As we move into 2022, enterprises must keep evaluating their IT infrastructure. Read the article on Toolbox.
The past two years have taught us that organizations that strategize to future-proof their organizations thrive, while those that stick to traditional technologies and processes will become obsolete. Amitabh Sinha, CEO at Workspot, talks about how enterprises need to be flexible and look at new ways to securely support remote work and agility.
Despite tremendous transformation over the past few years, there is still quite some ground to cover when it comes to the enterprise IT landscape. As we move into 2022, enterprises must keep evaluating their IT infrastructure, particularly as it remains clear that remote work and hybrid work environments are here to stay.
PC Is Moving to the Cloud
As we look ahead into the upcoming years, many enterprise organizations will begin to assess the benefits of adopting Cloud PCs and SaaS solutions to replace on-premises, physical hardware and costly VDI solutions. Cloud PCs can provide improved security, agility, and support for a hybrid workforce. This technology is poised to enhance how IT teams deliver equipment to end-users and access to corporate apps and data regardless of where employees/partners are located.
As we continue to see increased adoption of the hybrid work model, companies of all sizes will need to invest in solutions to navigate the added challenges from an increasingly remote workforce. Specifically, SMBs will likely choose a cloud PC solution based on simplicity and cost. They may not need much customizability, so they may be adequately served with standard Windows server, Windows 10, or Windows 11 configurations, a more limited choice of MFA, and default or included security tools.
Larger enterprises will likely require solutions that enable more flexibility and better integration with their current tech stack – such as identity and access controls, ITSM, and SIEM tools. Cloud PC vendors who can offer a SaaS platform with desktop service level agreement, which ensures customers get the availability and uptime they need for productivity, will hold significant advantages over those who don’t. Cloud PCs are precious tools for businesses looking to support a remote workforce, improve business agility, and increase efficiency across their tech stacks.
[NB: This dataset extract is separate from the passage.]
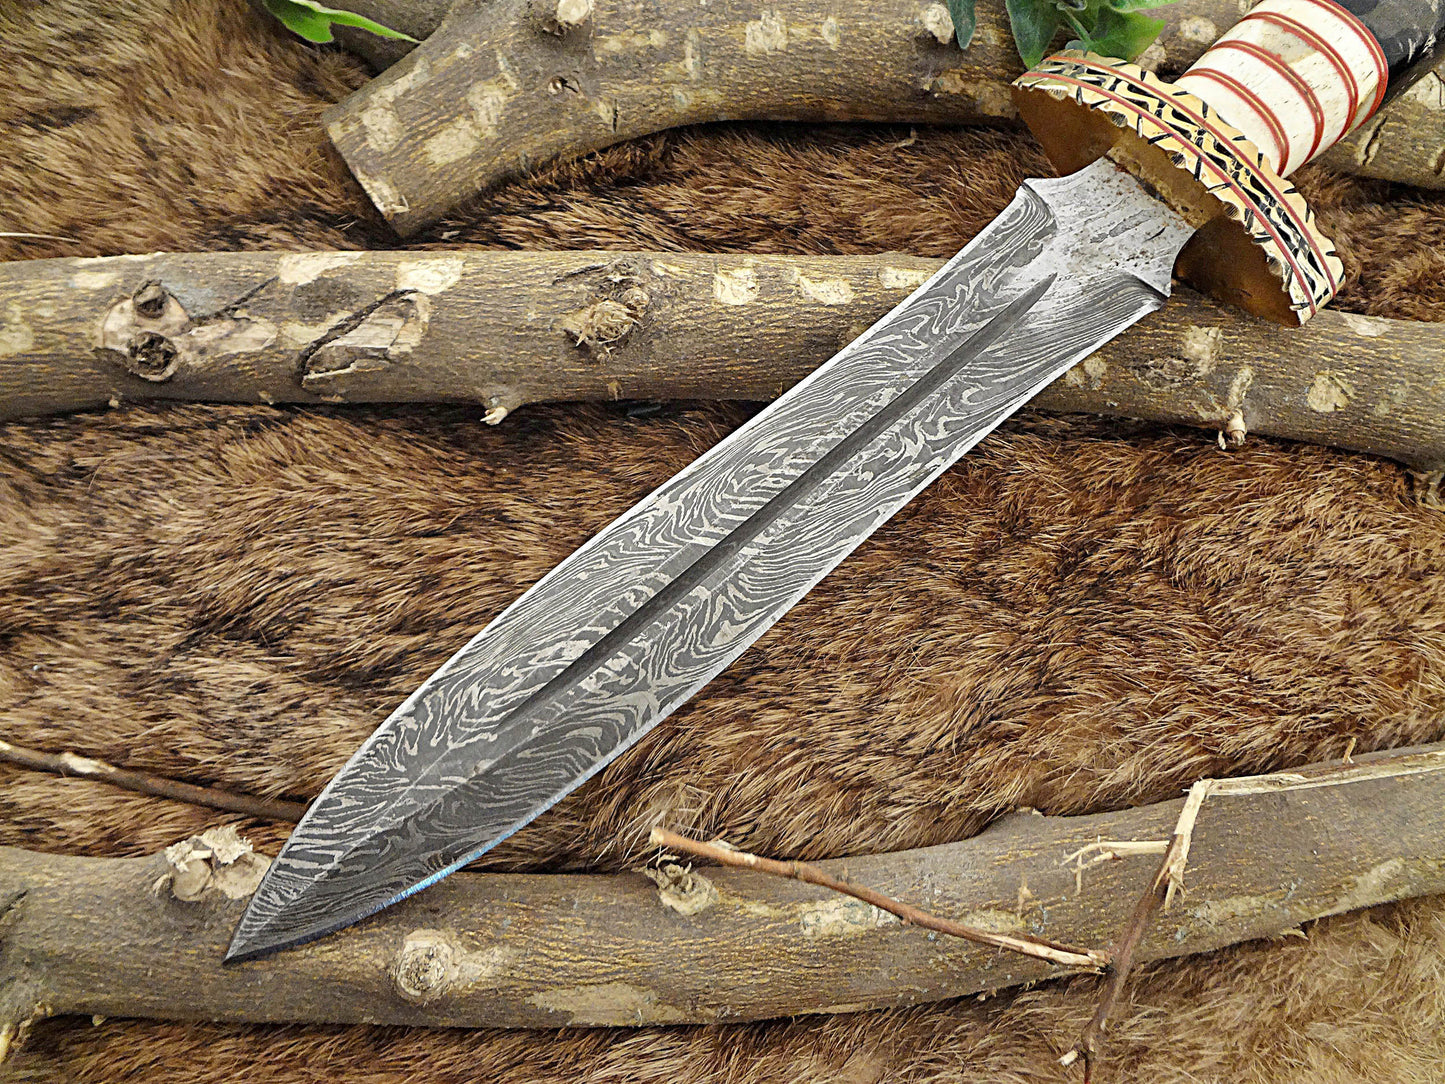 14.5" Long Damascus steel Dagger knife hand forged 8" dual edge,exotic scale crafted with engraved brass finger guard camel bone, Sheath

Adopting a Multi-cloud Strategy
The benefits and value of the cloud have touched nearly every organization regardless of their size. Gartner predicts that cloud spending will exceed 45% of all enterprise IT spending by 2026. Evaluating cloud strategies is an ongoing task, from top leadership to the IT teams activating those plans.
If anything, the increased cloud adoption we’ve seen in recent years has shown us that all clouds are not created equal. For example, some cloud providers have optimized networks that allow rapid global scalability or hourly usage models. Others offer better price-performance for GPU-accelerated workloads like CAD/CAM or engineering applications.
SaaS platforms that run on cloud infrastructure will also expand their support to span multiple clouds as an abstraction layer. Examples include Google Anthos and Workspot, where a single user interface can simplify deployment and management of resources across multiple clouds. This capability reduces the learning curve for administrators while expanding access to the optimal cloud for a given workload.
Digital transformation – and more specifically, the transition to the cloud and multi-cloud approaches – creates a more complex IT environment that has spurred interest in new IT personas, requiring new skill sets and new IT roles to manage and operate cloud operations at scale. In this context, during the past year, we’ve seen an uptick in organizations’ use of specialized cloud personnel – cloud architects (54% in 2021 compared to 37% in 2020); DevOps engineers (53% in 2021, up from 40% in 2020); and cloud security architects (42% in 2021 versus 30% in 2020).
Beyond the Cloud
While digital transformation has been on most IT organizations’ minds for years, the need to support hybrid work introduces an extraordinary tailwind. Organizations have realized they need to listen to their employees and provide them with the flexibility they require and the tools that make them productive or risk losing them. Their strategies include advancing cloud adoption and rebuilding their tech stack, transitioning from the early, unsustainable solutions forced by the pandemic to a more long-term strategy. The goal? To provide a highly-scalable system that enables fast and secure access, no matter where employees or contractors are based.